***** DATASET EXCERPT *****

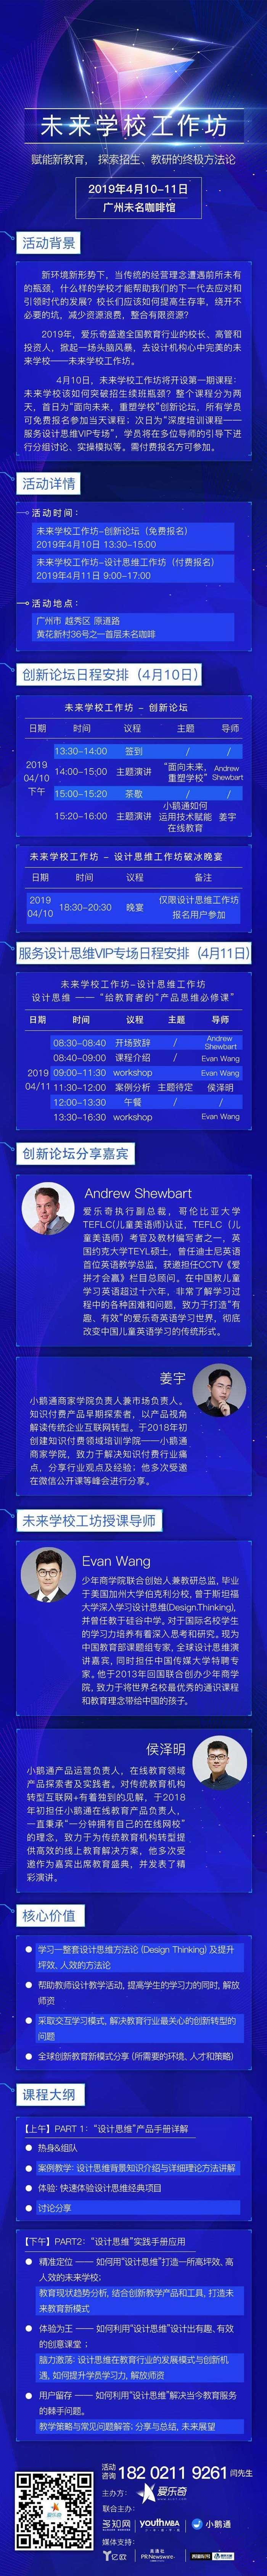 未来工坊长图 (3).jpg
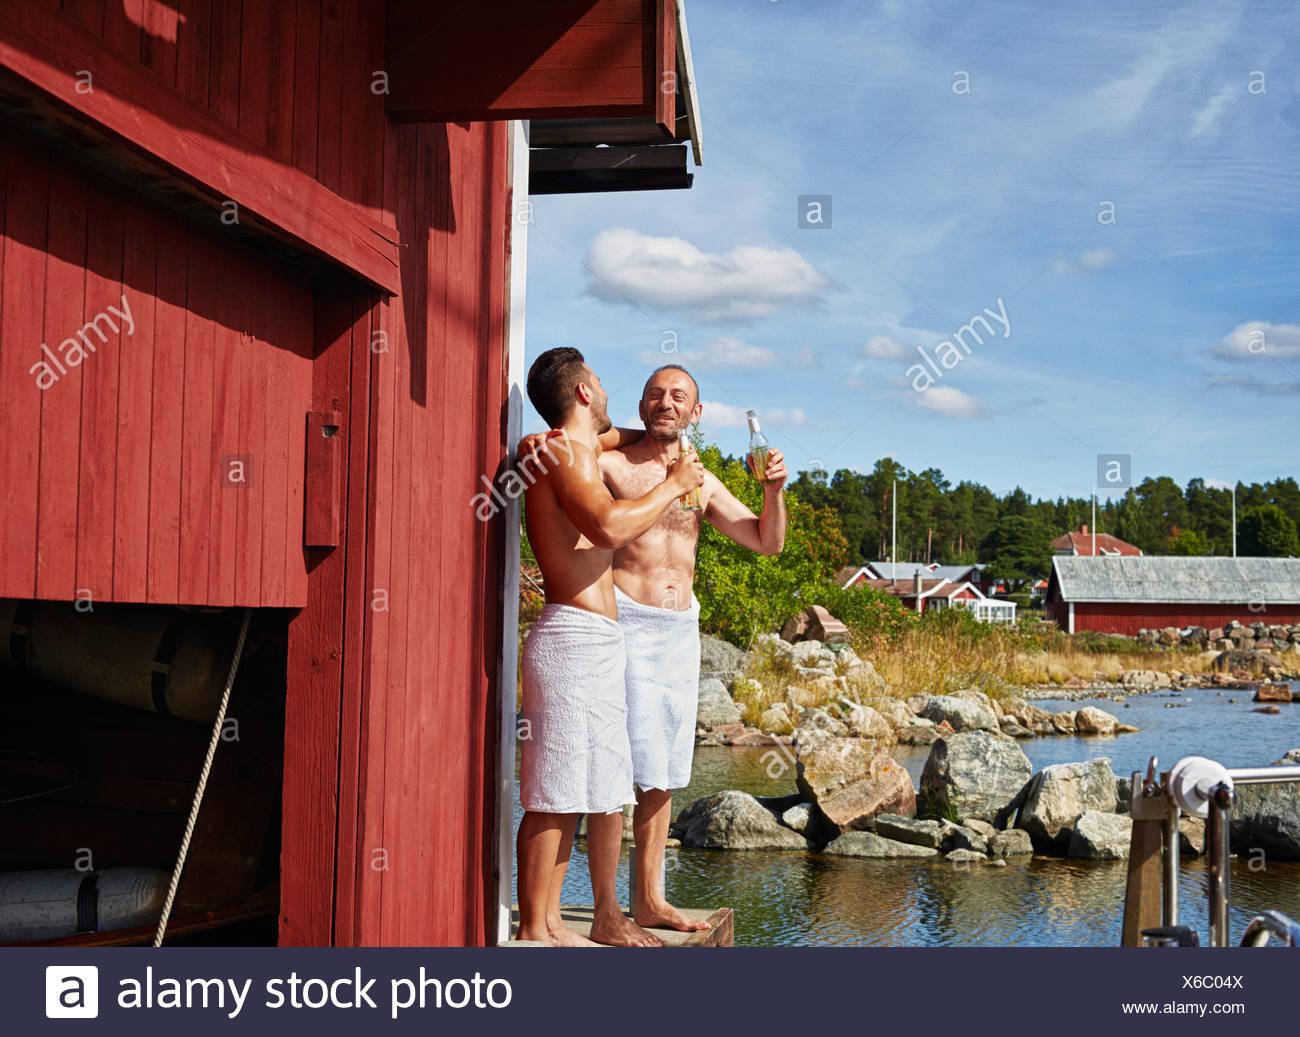 Dos hombres con cervezas fuera sauna Foto de stock
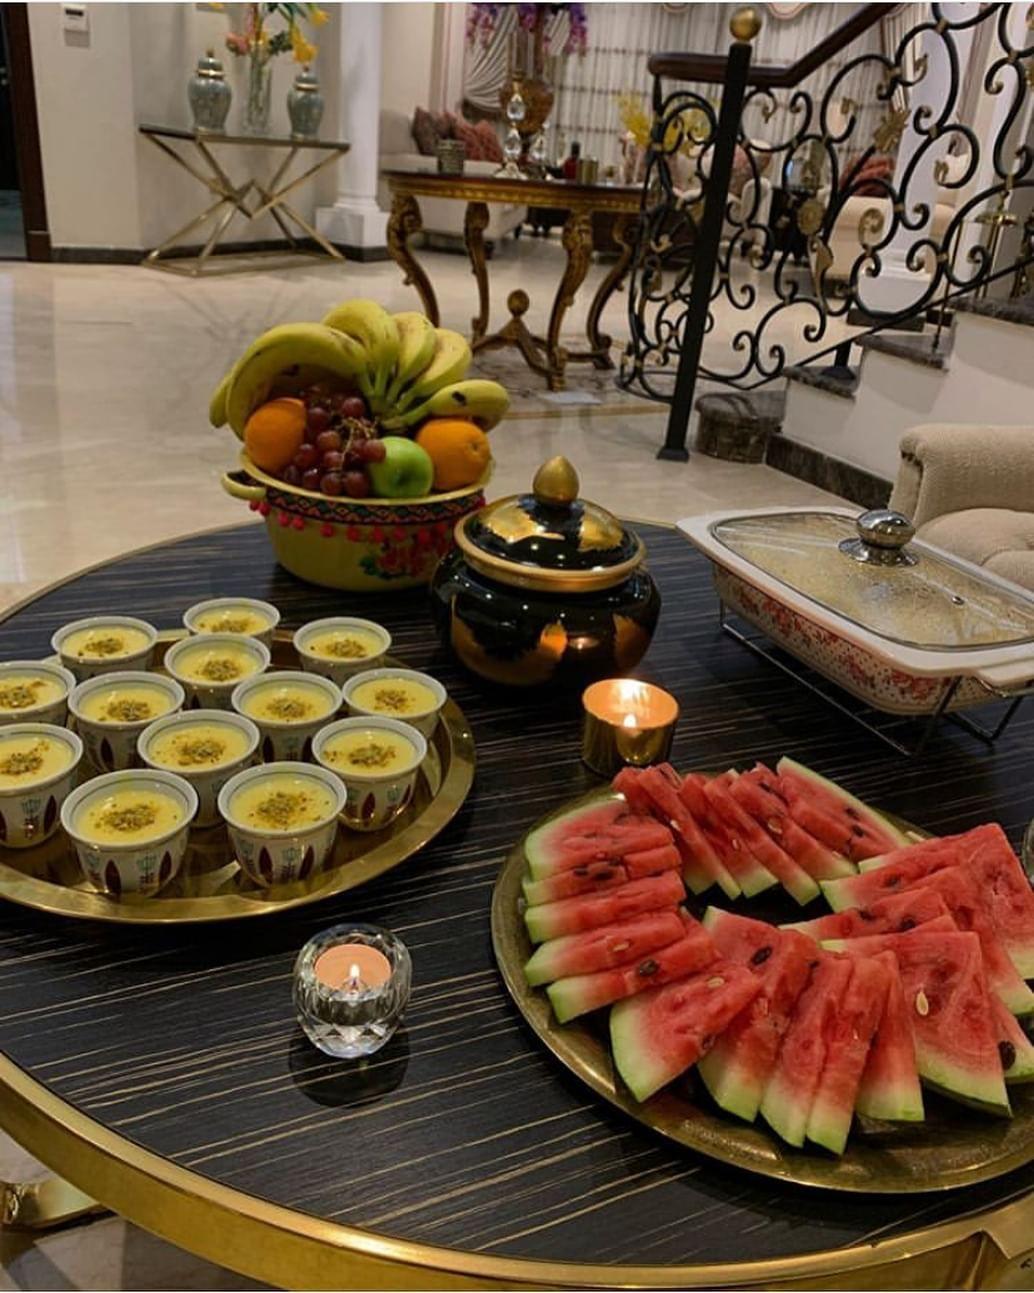 تقديماتكم Posted On Instagram حسابي هذالاسبوع برعاية هالجميله Noorraa 26 تعرض لكم تقديماتها وطبخاتهاحسابها ماشاءالله تبا Food Table Settings

*****

- DESCRIPTION OF THE TASK -
Would you write out the material above in full, exactly as given, except for its pictures?

- TASK ANSWER -
 未来工坊长图 (3).jpg
 Dos hombres con cervezas fuera sauna Foto de stock
 تقديماتكم Posted On Instagram حسابي هذالاسبوع برعاية هالجميله Noorraa 26 تعرض لكم تقديماتها وطبخاتهاحسابها ماشاءالله تبا Food Table Settings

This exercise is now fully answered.